Le castor : fervent défenseur de l’environnement

Castor Nord-Américain . By Sherseydc Steve . Licence

Du XVIIème à la fin du XIXème siècle, le castor a disparu de nombreuses régions de France, du fait de sa destruction directe par l’homme, pour sa chair ou encore sa fourrure. De fait, l’espèce ne subsistait plus que dans la vallée du Rhône. Au début du XXème siècle, la population de castors du Rhône était estimée à quelques dizaines d’individus, uniquement localisés dans la basse vallée. Afin d’éviter son extinction, le castor fut protéger dès 1909 dans les Bouches-du-Rhône, le Gard et le Vaucluse. On peut estimer aujourd’hui que l’ensemble des effectifs devrait être compris en 10 000 et 12 000 individus.

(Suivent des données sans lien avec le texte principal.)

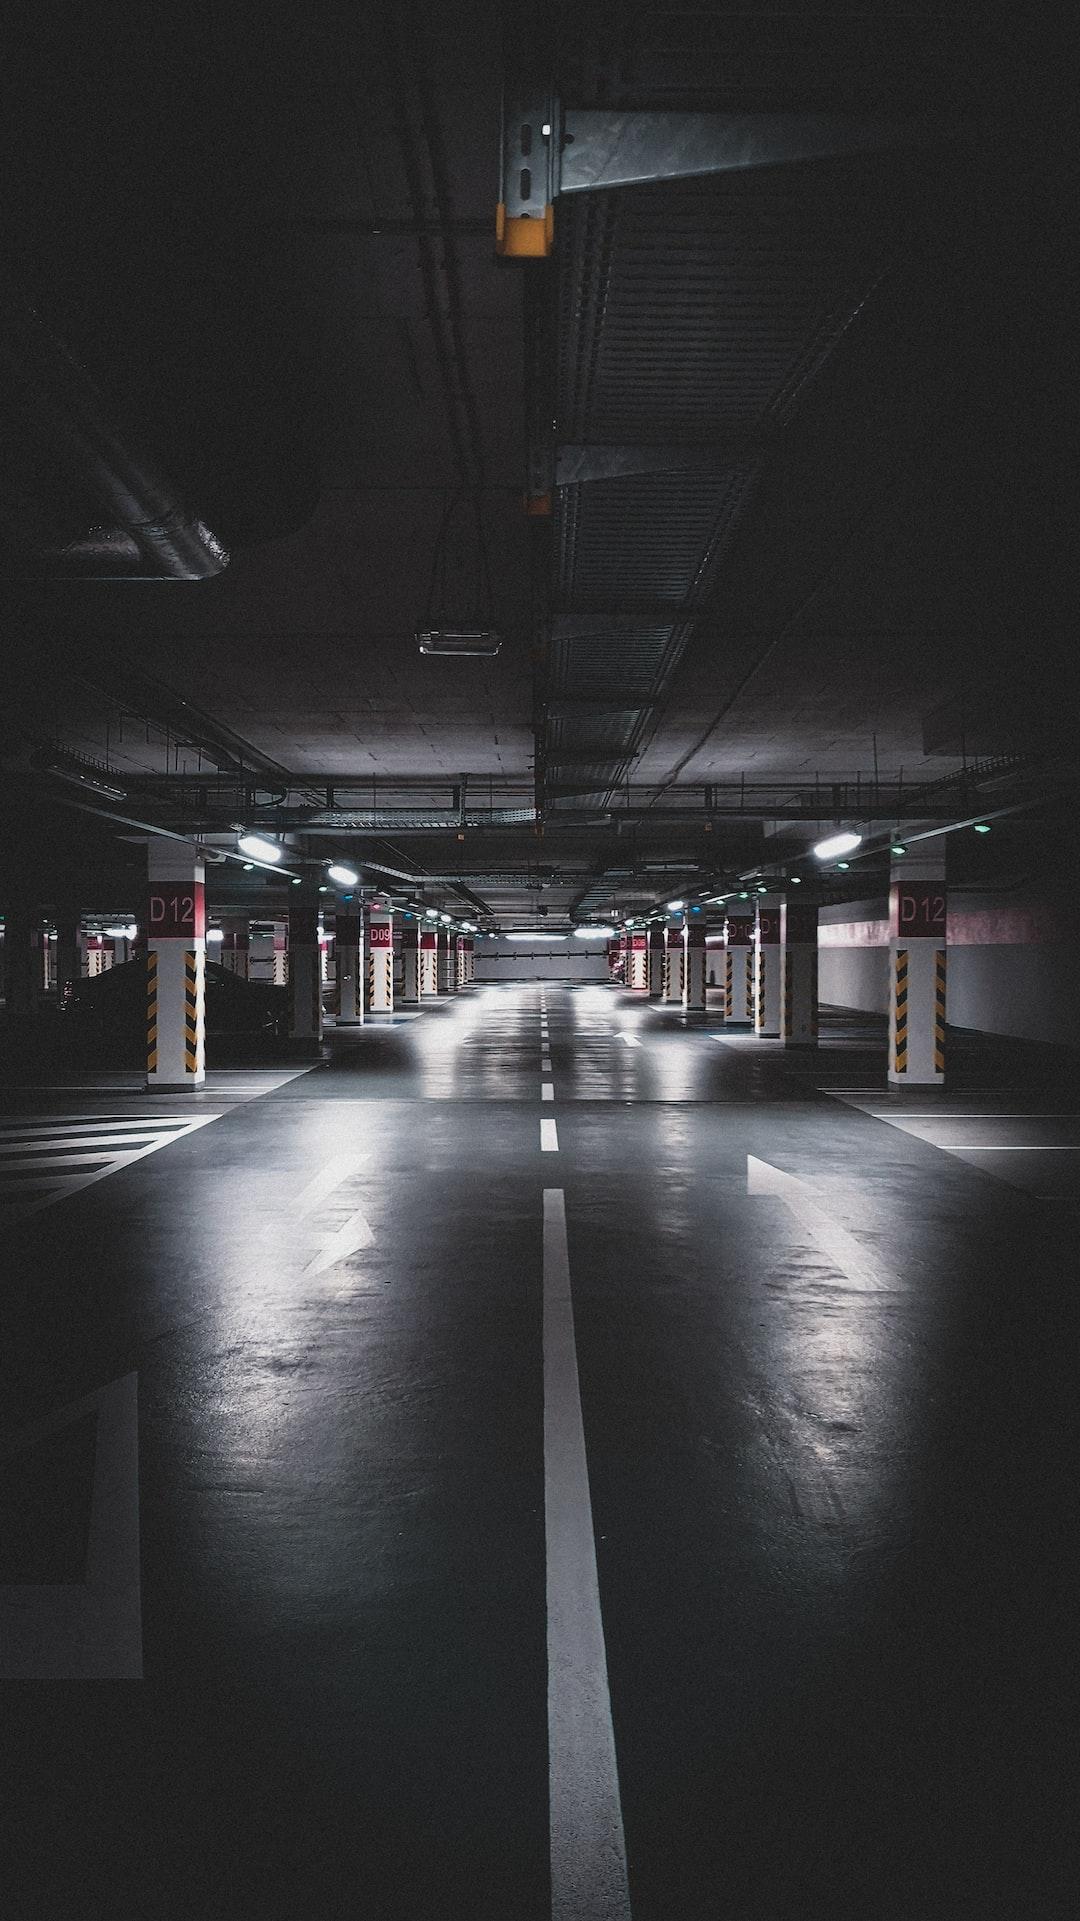 Underground parking. Empty. Scary. Dark.

Cet étonnant rongeur, à la fois « bûcheron » et « hydraulicien », est un animal qui présente des caractéristiques particulières et inhabituelles d’aménageur de son écosystème. Le castor est par ailleurs de plus en plus considéré comme un auxiliaire efficace de l’homme dans ses opérations de renaturation, de génie écologique et de gestion différenciée des berges.

En effet, en inondant certains terrains, les familles de castors recréent et entretiennent des chapelets de zones humides s’alimentant gravitairement de l’amont vers l’aval. Ces milieux sont propices à l’épuration de l’eau et au développement de la faune et de la flore. Ces barrages, s’ils sont assez nombreux et importants, renforcent également l’alimentation des nappes phréatiques et favorisent une alimentation plus régulière des sources.

En régulant le débit des cours de l’eau, il diminue également et très efficacement les risques de sécheresse en amont de ses barrages. Au Canada, la réintroduction de castor canadensis dans l’Alberta, grâce aux petits barrages qu’il construit et entretient, a permis de faire fortement reculer le risque d’incendie et le stress hydrique des arbres.

Il y a quelques mois, un barrage de castors canadensis a d’ailleurs empêché une marée noire dans cette région du Canada. Le 29 avril dernier, la rupture d’un oléoduc a provoqué le déversement de l’équivalent de près de 28 000 barils de pétrole. Cette échappée de combustible a été stoppée en plein course par un barrage fabriqué par des castors. Le pétrole s’est déversé sur une bande d’environ 700 mètres de long sur 30 mètres de large mais a été isolé à environ 300 mètres d’un cours d’eau. « Il est vrai qu’un barrage de castors dans ce secteur a contenu le déversement », avait déclaré le ministre albertain de l’Environnement Rob Renner.

Au final, cet accident aura eu un « impact minimal sur la faune sauvage ». La mort d’une dizaine de castors et canards avait toutefois été déplorée.